■ **TASK DIRECTIONS**
Of all the lines below, return only those starting with the line holding "Retro šaty - Prekrásne" and going on through the line holding "卵巣 摘出 後 の 体調", exactly as written.

DATASET EXTRACT section start

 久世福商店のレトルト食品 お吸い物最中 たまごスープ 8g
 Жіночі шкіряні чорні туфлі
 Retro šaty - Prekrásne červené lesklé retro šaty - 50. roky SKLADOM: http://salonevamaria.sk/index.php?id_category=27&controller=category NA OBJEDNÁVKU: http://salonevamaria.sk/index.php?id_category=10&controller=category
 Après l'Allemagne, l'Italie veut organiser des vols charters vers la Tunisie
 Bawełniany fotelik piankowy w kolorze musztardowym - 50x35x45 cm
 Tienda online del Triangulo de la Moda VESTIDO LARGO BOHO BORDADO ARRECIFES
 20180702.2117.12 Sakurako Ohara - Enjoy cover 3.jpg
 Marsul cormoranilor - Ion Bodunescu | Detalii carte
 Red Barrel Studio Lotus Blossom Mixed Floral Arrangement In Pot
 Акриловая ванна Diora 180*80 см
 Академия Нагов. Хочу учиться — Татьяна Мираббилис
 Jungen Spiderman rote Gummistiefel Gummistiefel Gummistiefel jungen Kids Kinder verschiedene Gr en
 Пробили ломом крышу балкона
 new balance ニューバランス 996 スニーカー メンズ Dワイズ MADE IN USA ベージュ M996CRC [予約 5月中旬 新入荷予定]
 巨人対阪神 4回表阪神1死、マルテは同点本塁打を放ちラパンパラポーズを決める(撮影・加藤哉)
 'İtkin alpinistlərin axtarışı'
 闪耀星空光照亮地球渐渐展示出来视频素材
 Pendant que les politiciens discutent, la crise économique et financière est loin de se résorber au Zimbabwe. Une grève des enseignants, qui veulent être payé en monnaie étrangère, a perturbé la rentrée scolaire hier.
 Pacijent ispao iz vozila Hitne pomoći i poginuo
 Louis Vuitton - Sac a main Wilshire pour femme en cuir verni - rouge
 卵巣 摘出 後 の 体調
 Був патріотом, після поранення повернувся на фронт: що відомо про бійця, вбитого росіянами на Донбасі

DATASET EXTRACT section end

■ **RESPONSE AREA**
 Retro šaty - Prekrásne červené lesklé retro šaty - 50. roky SKLADOM: http://salonevamaria.sk/index.php?id_category=27&controller=category NA OBJEDNÁVKU: http://salonevamaria.sk/index.php?id_category=10&controller=category
 Après l'Allemagne, l'Italie veut organiser des vols charters vers la Tunisie
 Bawełniany fotelik piankowy w kolorze musztardowym - 50x35x45 cm
 Tienda online del Triangulo de la Moda VESTIDO LARGO BOHO BORDADO ARRECIFES
 20180702.2117.12 Sakurako Ohara - Enjoy cover 3.jpg
 Marsul cormoranilor - Ion Bodunescu | Detalii carte
 Red Barrel Studio Lotus Blossom Mixed Floral Arrangement In Pot
 Акриловая ванна Diora 180*80 см
 Академия Нагов. Хочу учиться — Татьяна Мираббилис
 Jungen Spiderman rote Gummistiefel Gummistiefel Gummistiefel jungen Kids Kinder verschiedene Gr en
 Пробили ломом крышу балкона
 new balance ニューバランス 996 スニーカー メンズ Dワイズ MADE IN USA ベージュ M996CRC [予約 5月中旬 新入荷予定]
 巨人対阪神 4回表阪神1死、マルテは同点本塁打を放ちラパンパラポーズを決める(撮影・加藤哉)
 'İtkin alpinistlərin axtarışı'
 闪耀星空光照亮地球渐渐展示出来视频素材
 Pendant que les politiciens discutent, la crise économique et financière est loin de se résorber au Zimbabwe. Une grève des enseignants, qui veulent être payé en monnaie étrangère, a perturbé la rentrée scolaire hier.
 Pacijent ispao iz vozila Hitne pomoći i poginuo
 Louis Vuitton - Sac a main Wilshire pour femme en cuir verni - rouge
 卵巣 摘出 後 の 体調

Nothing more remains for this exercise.